» **Task directions**: Below are the entries. Print only the lines starting at the one with "A Silent Scream" and ending at the one with "Der Wattikan trauert um Dieter Wölfert", exactly, with no pictures.
Start of Study material
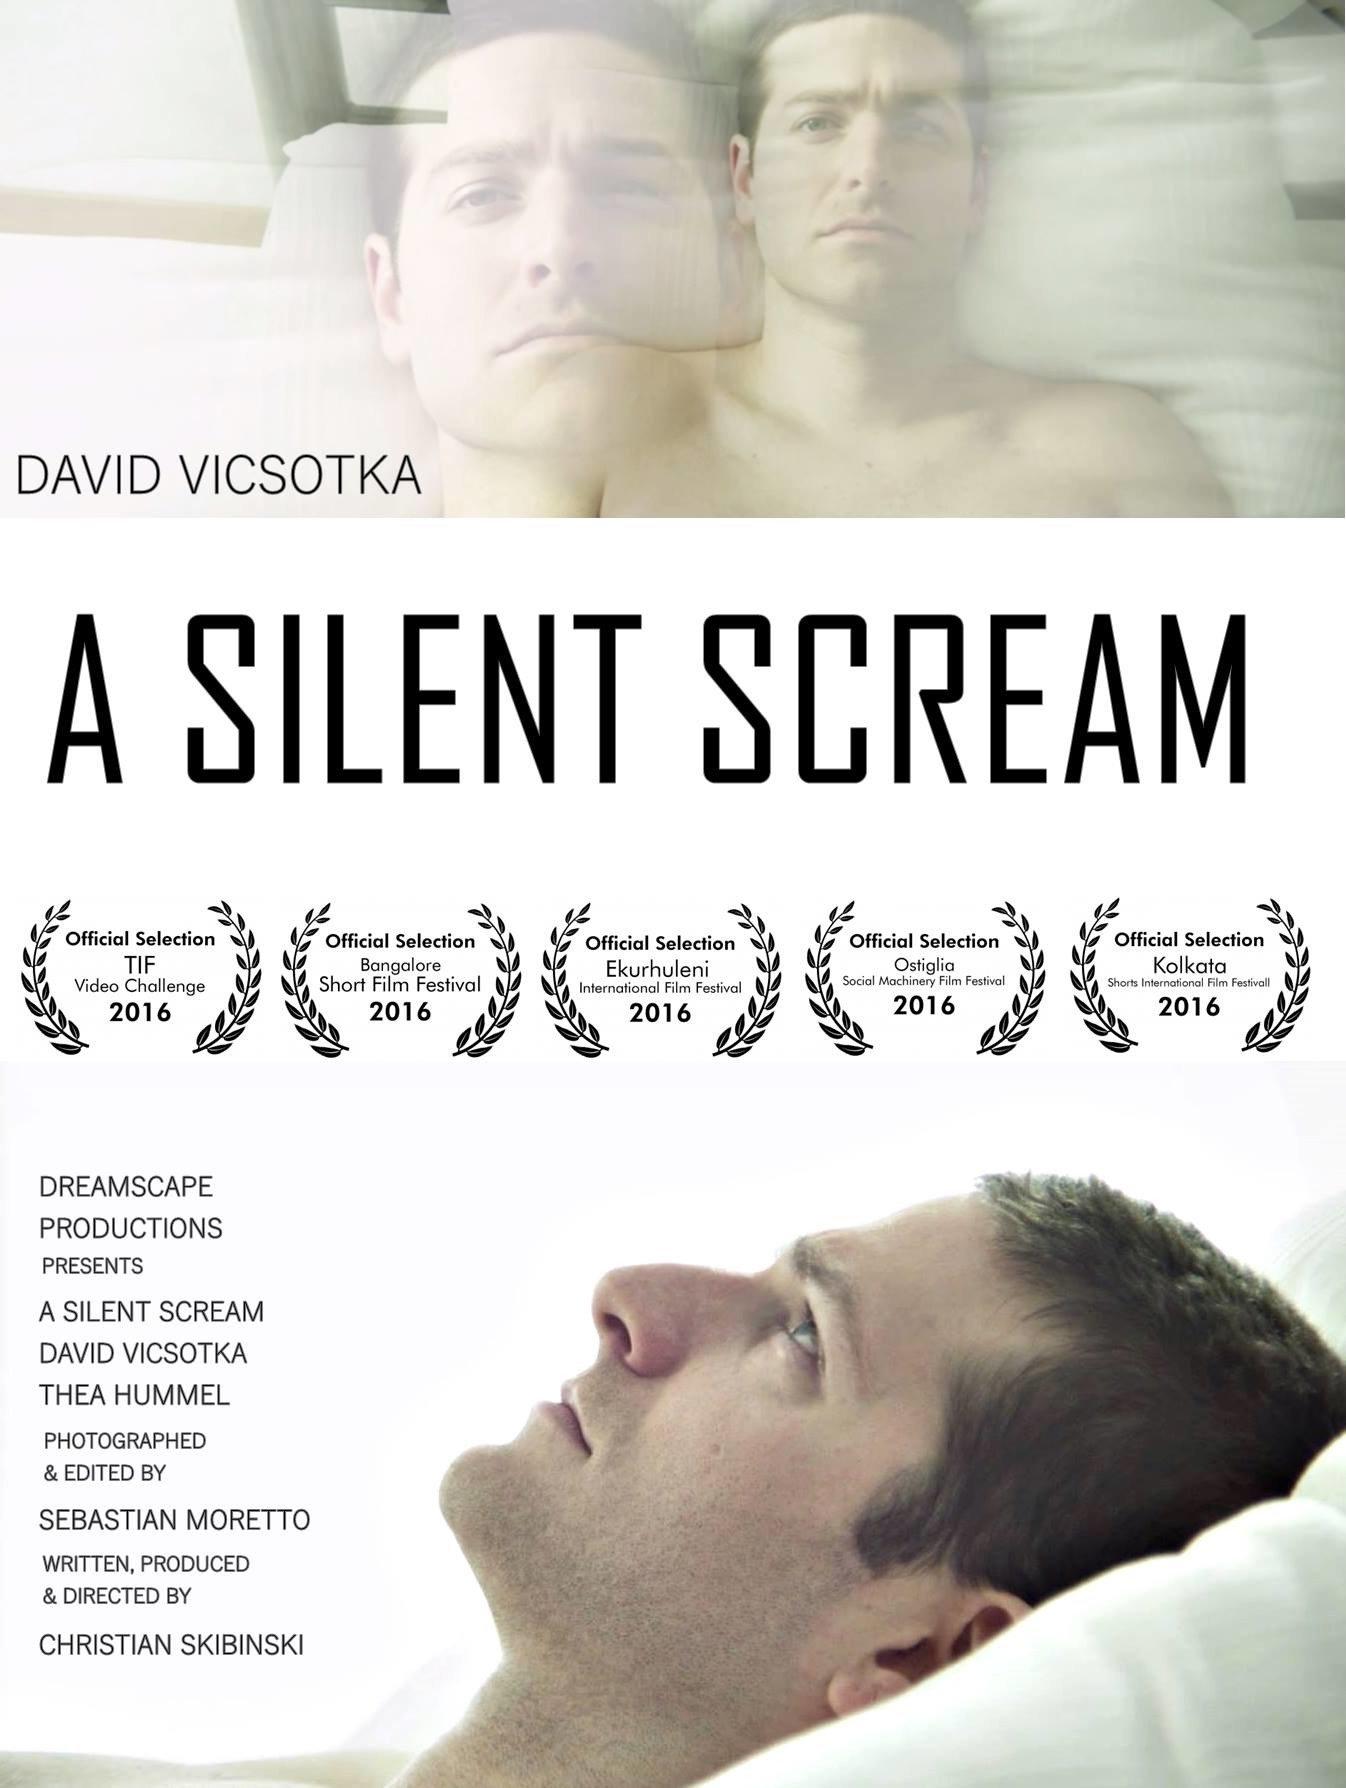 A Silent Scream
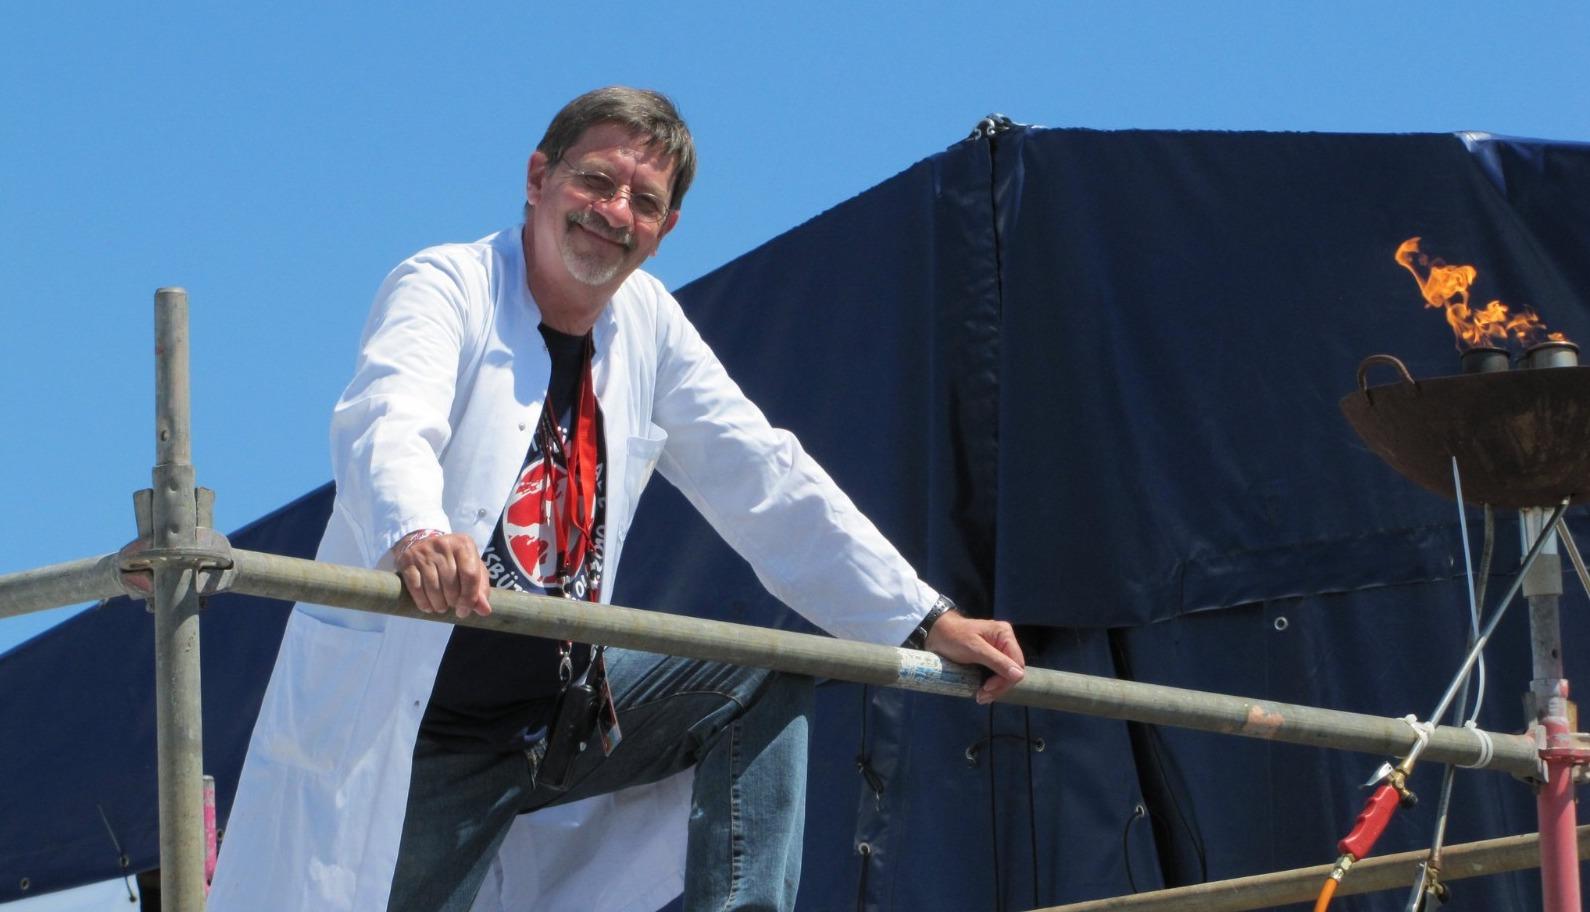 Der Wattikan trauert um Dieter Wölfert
End of Study material
Start of Study material
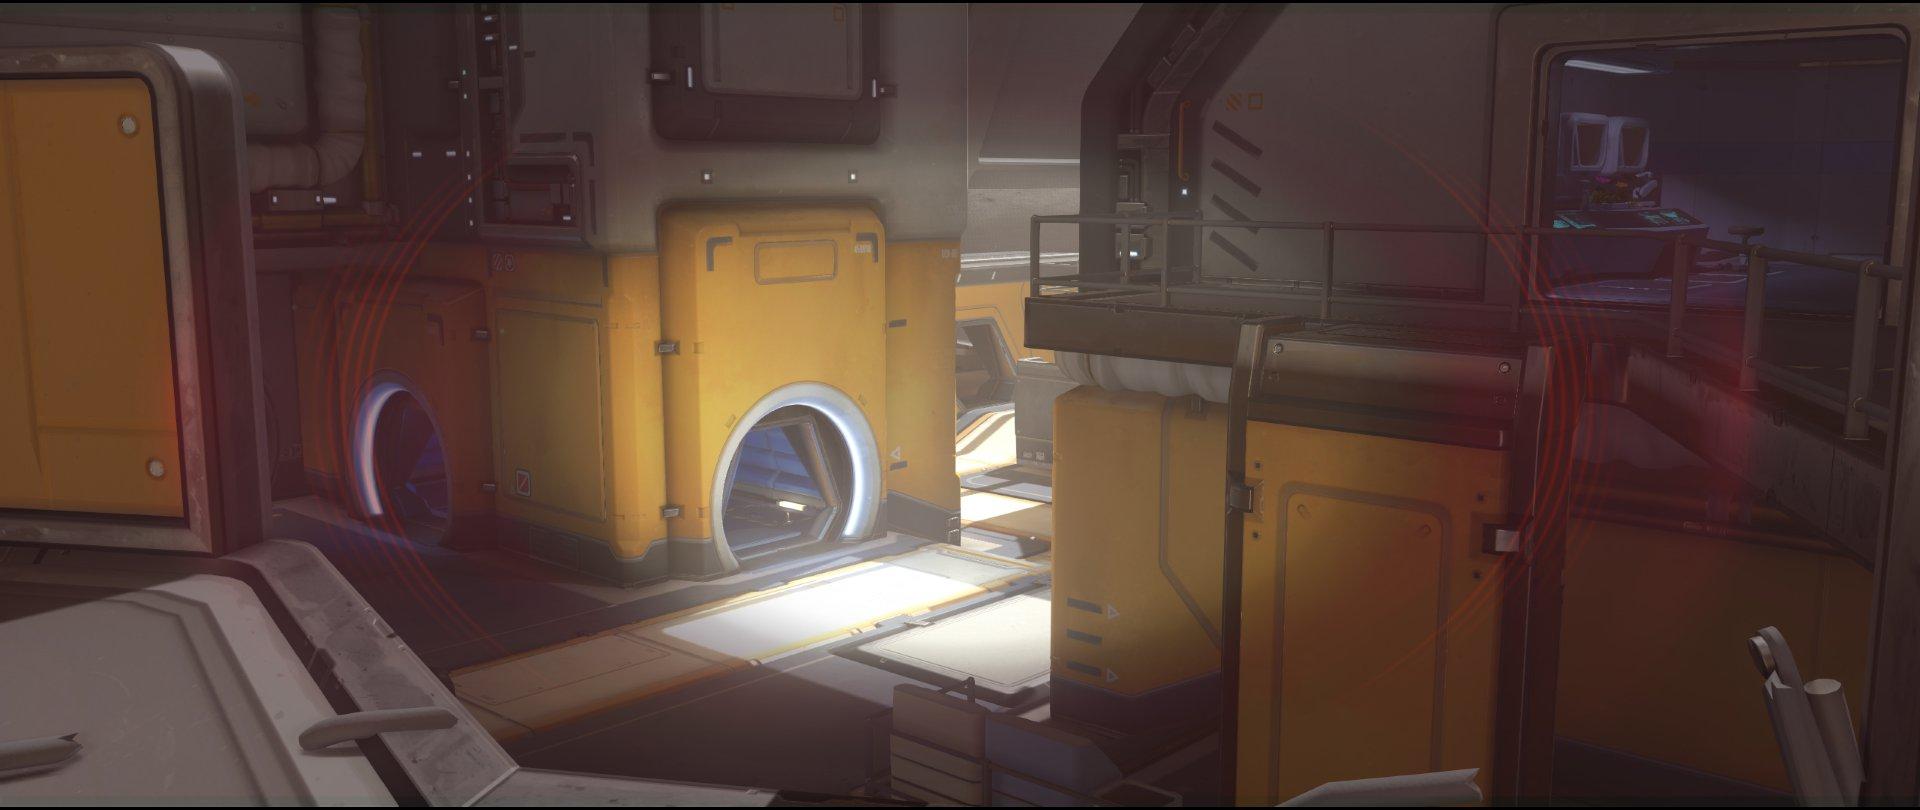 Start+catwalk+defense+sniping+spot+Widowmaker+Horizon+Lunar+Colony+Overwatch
End of Study material
Start of Study material
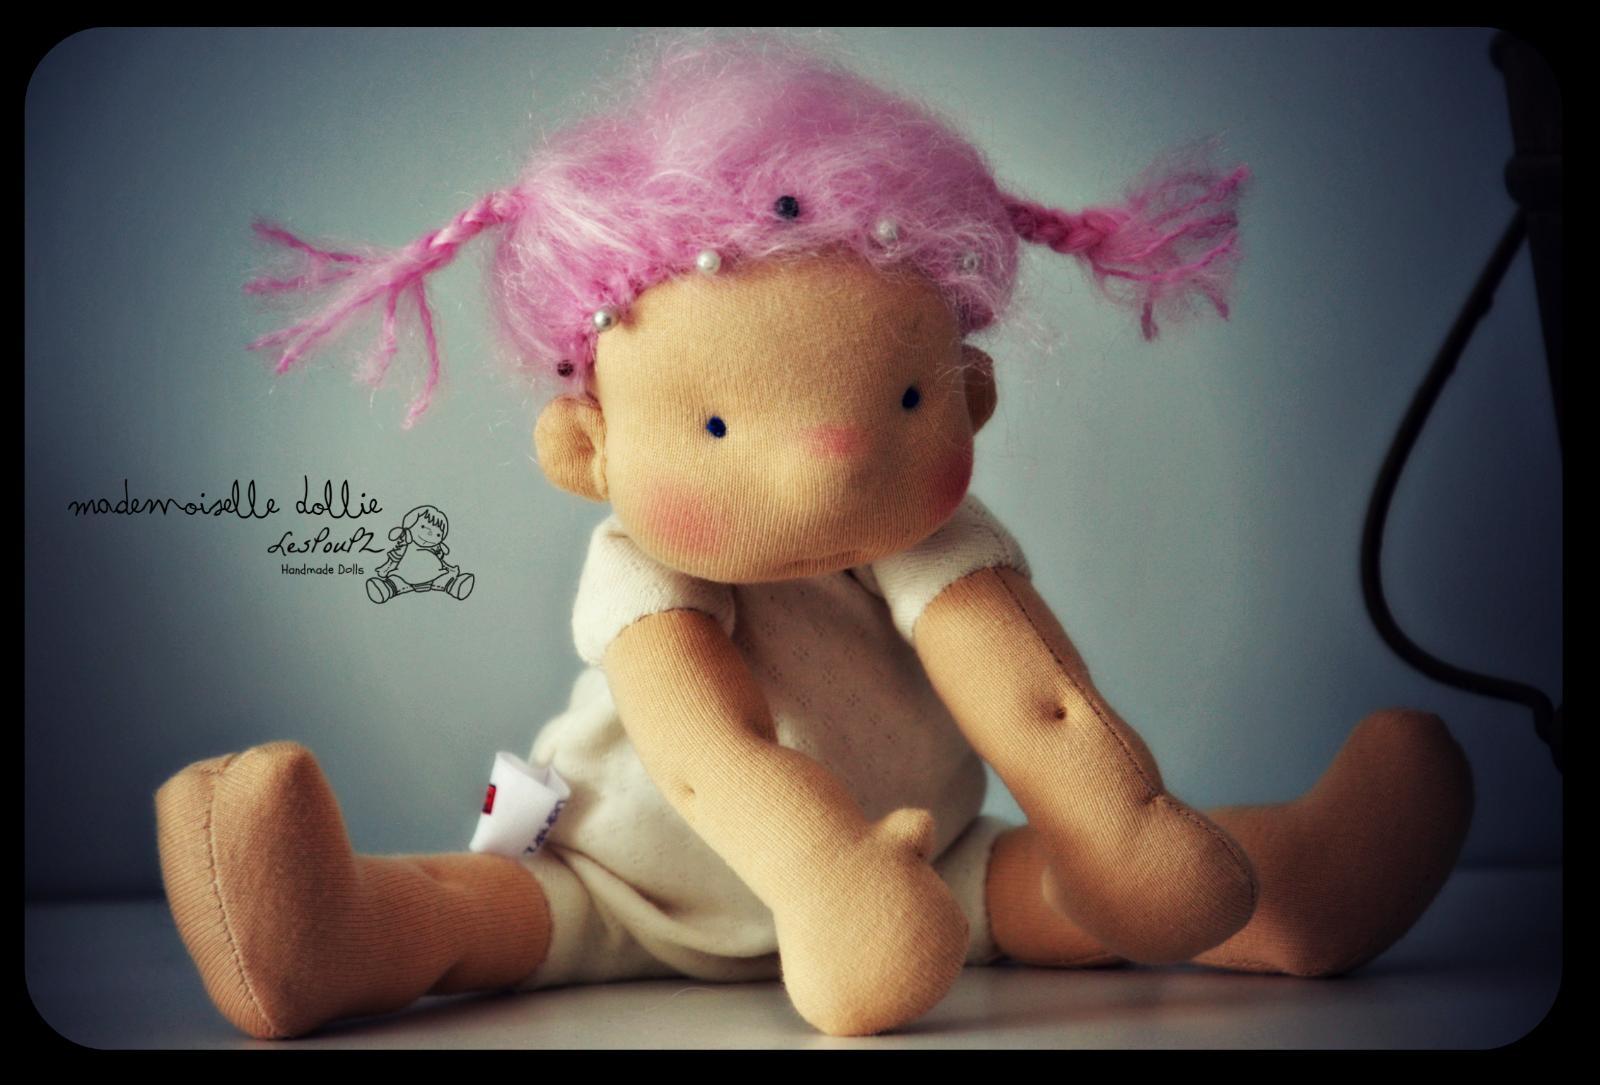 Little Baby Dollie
End of Study material
» **Task answer**:
 A Silent Scream
 Der Wattikan trauert um Dieter Wölfert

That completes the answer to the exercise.